In his imagination Rivera seemed to fade into a hazy, indistinct outline, but O’Farrell could remember everything about the child’s features and appearance and mannerisms. Older than Billy, obviously, and certainly more sophisticated even for his age, but still a kid. A kid whose father he was assigned to kill, could have killed that night, right in front of him. Stuff that makes you feel funny, O’Farrell thought, clinging to a litany. Millions in a Swiss bank. Unquestionably guilty, arms for drugs, drugs for arms.

O’Farrell slopped more brandy into his glass, blinking to clear the picture of the child from his mind. Never like this before. Never seen the victim with his family, doing something as natural as eating dinner. Talking. Being normal. Looking normal. It might have been a constructive, worthwhile evening, but he wished to hell he hadn’t gone, just the same. He didn’t want to know the kid and the woman. He wanted to remain aloof and impersonal, and he didn’t feel that anymore.
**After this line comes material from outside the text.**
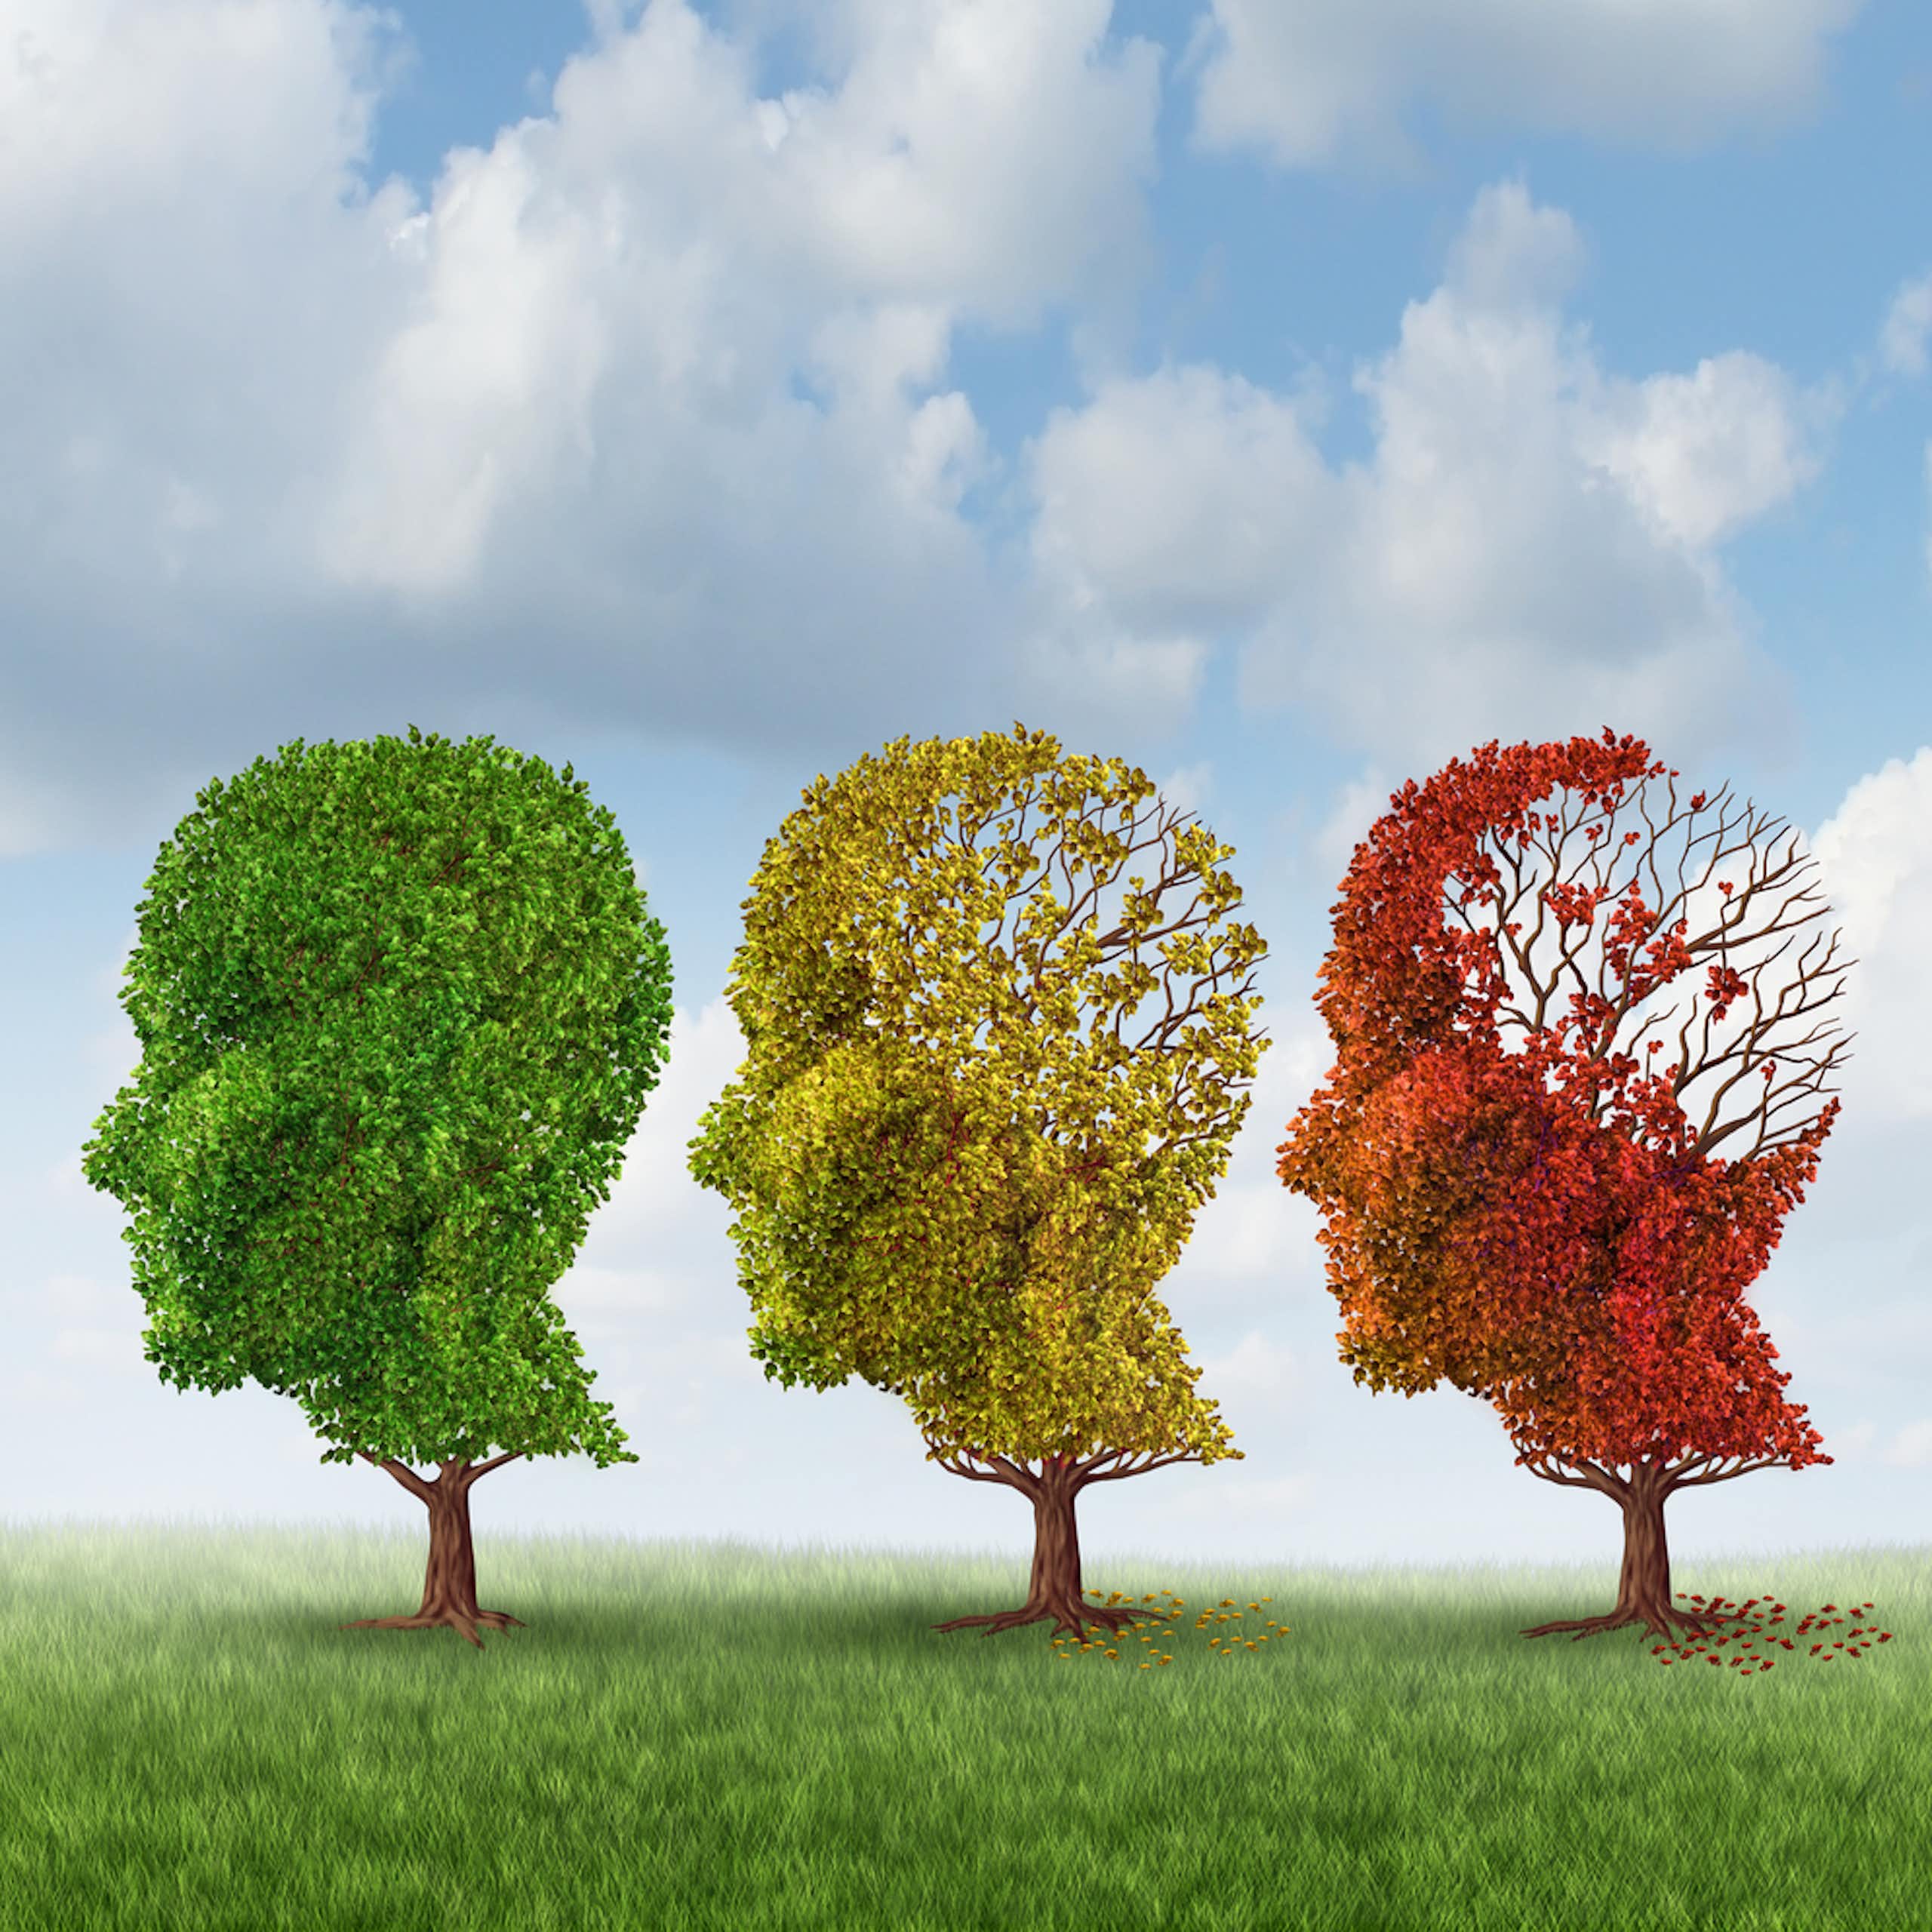 What’s the difference between Alzheimer’s and dementia?

He’d always know, now, know what the boy looked like and the woman, able to picture them in black, grieving, weeping.

He added to his glass again, waiting for the drink to anesthetize him, but nothing happened, not even drunkenness.

“How much longer is this going to go on, for Christ’s sake!” Wentworth protested, outside in the observation car.

“Until we’re told to stop, I guess,” Connors said.

“I don’t like watching one of our own guys.”

“You could always quit and become a school crossing guard.”

SIXTEEN

O’FARRELL FELT terrible when he awoke, not needing to feign continuing sleep to check his surroundings. The slightest movement was agony. He was sick the moment he reached the closet-bathroom, dry-heaving long after he couldn’t be sick anymore, the crushing headache worsening every time he retched until desperately he bunched the thin towel against his face to stop. The ache did ease very slightly but it was still bad, worse than he could ever remember any headache before. Or ever wanted to know again.

Because it was the only one available, he had to swill out the brandy-smelling glass of the previous night, briefly causing a fresh spasm of heaves, before he could get some water, which he carried unsteadily back into the bedroom, lowering himself gently onto the disheveled bed. His mouth was gratingly dry but he sipped the water carefully, not wanting to cause any more vomiting. The brandy bottle was on a side chest—like his great-grandfather’s photograph back in Alexandria—and showed just about a third full. So he deserved to feel like he did; he practically deserved to be in a hospital, attached to a stomach pump.